Data pipelines are written in SQL, wrapped in Python, and orchestrated with Dataswarm, a predecessor of Airflow.
VSCode is the IDE of choice for developing data pipelines and has been enhanced with custom plugins developed internally. For example, a custom linter checks SQL statements. On Save the internal VSCode extension generates the directed acyclic graph (DAG) for the pipeline. The data engineer can then schedule a test run of the pipeline using real data, writing the result to a temporary result table.
48.3 Beware the Hype
There is a lot of hype and excitement about data science, machine learning, data engineering, artificial intelligence, etc. And there are many vendors pushing tools that promise to take away complexity, save you money, simplify your tool chain, handle all your use cases, and improve performance at the same time. The situation is particularly bad for data engineering and machine learning tools. It would be wonderful if there was a single easy button that produces high quality integrated data. It would be wonderful if there was an easy button that develops, trains, validates, deploys, and monitors models.
Saifi (2025b) writes
If you’ve been shopping for data engineering tools lately, you’ve heard these promises. The vendor demos are slick, the free tiers are generous, and the sales engineers have an answer for every objection. Everything looks perfect — until you’re six months into production and your monthly bill just hit five figures, your “simple” solution requires a team of specialists to maintain, and you’re discovering limitations that somehow never came up during the sales process.
Welcome to the uncomfortable reality of data engineering tool selection, where the marketing promises collide head-first with the physics of production workloads. While vendors are busy painting rosy pictures of seamless data utopias, real engineering teams are dealing with hidden costs, unexpected limitations, and vendor lock-in strategies that would make telecom companies blush.
Data Gravity
Data gravity describes the notion that data increases its gravitational pull as it accumulates, pulling in applications and more data. Data gravity also describes the reality that when data comes to rest, it seems to obey a higher gravitational constant—it becomes heavier and more difficult to move. Here are some examples of data gravity:
- Data warehouses and data lakes grow in complexity and scale as they accumulate more data.
- On social media platforms, user data attracts advertisers, which generates more content and user engagement, further increasing the data volume.
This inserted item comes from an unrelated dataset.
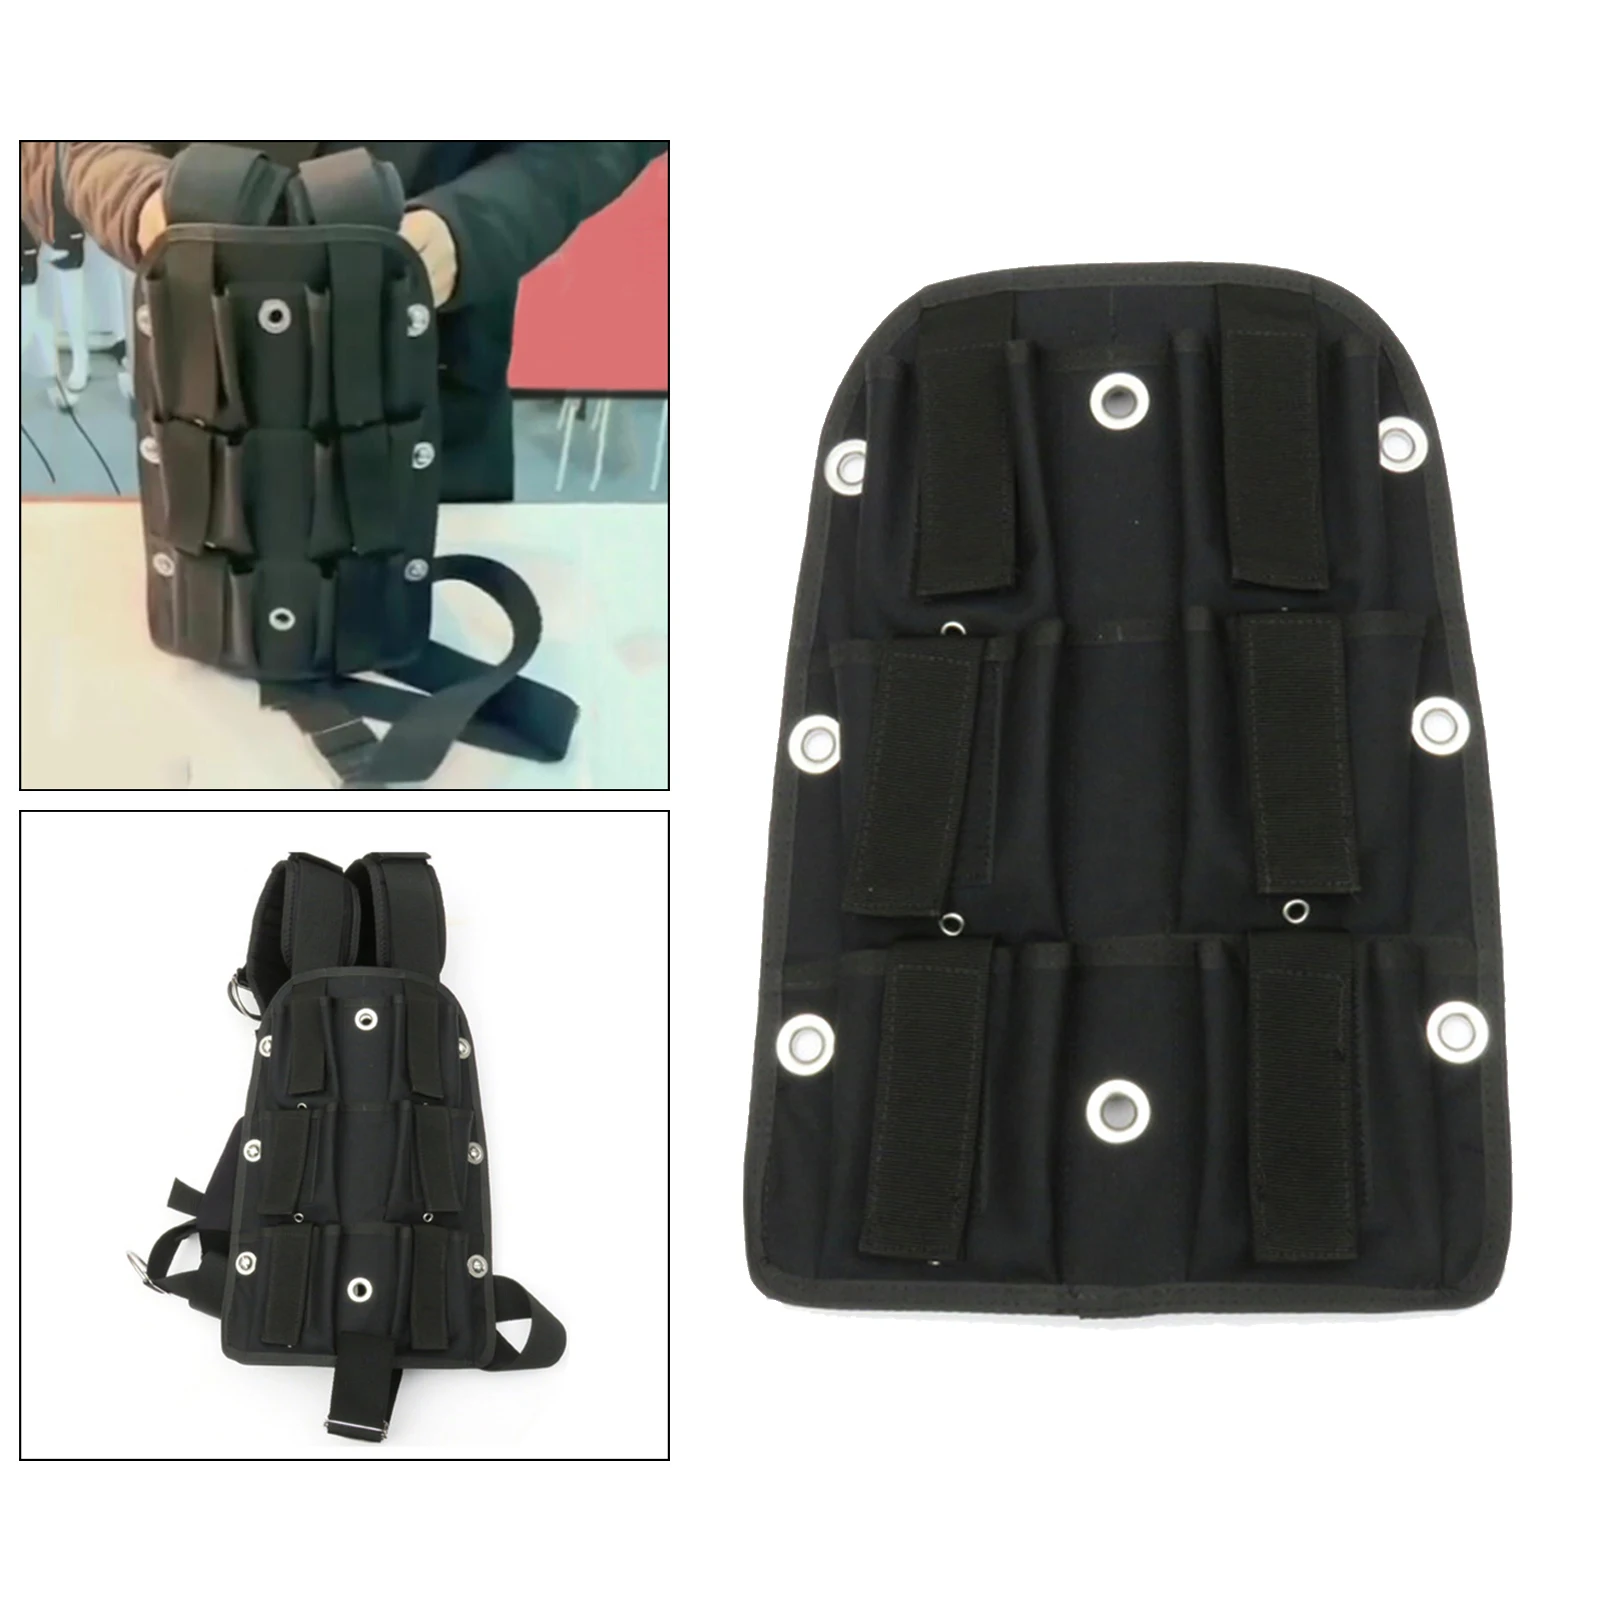 Technical Diving Backplate Wight Plate Storage Pad Scuba Diver Back Plate Harness Pad Dry Suit Holder with 6 Weight Pockets

- An increasing number of edge devices generate large amounts of data, attracting the development of IoT (Internet of Things) applications and services that process data locally.
- High frequency trading firms co-locate their servers with stock exchange data centers to reduce latency.
Vendors take advantage of data gravity, locking you into their systems once they have a hold of the data:
- Moving data to a cloud provider is free, taking data out incurs egress charges.
- You start with Databricks for machine learning. The data lake or lakehouse fills up with Delta Lake files, models are trained using MLflow, and notebooks are in Databricks format. Security policies are configured for the Databricks platform.
Vendor lock-in is a tried-and-true strategy. When selecting data science tools and frameworks, ask yourself how difficult the technology would be to replace.
Simple or Complex
Saifi (2025a) talks about the great data engineering oversimplification, promising
- a single platform for all your needs
- zero ETL
- no-code data pipelines that anyone can build
- drag-and-drop and AI does the rest
- one-click data integration
- one platform to rule them all
- and so forth
Saifi writes
While the marketing teams are busy promising silver bullets, real data engineers are drowning in a sea of supposedly “simple” tools that break in spectacular ways when they encounter actual business problems. The result? A generation of data professionals who’ve been sold on the myth that complex problems should have simple solutions, only to discover that enterprise data engineering is messier, weirder, and more intricate than any no-code platform wants to admit.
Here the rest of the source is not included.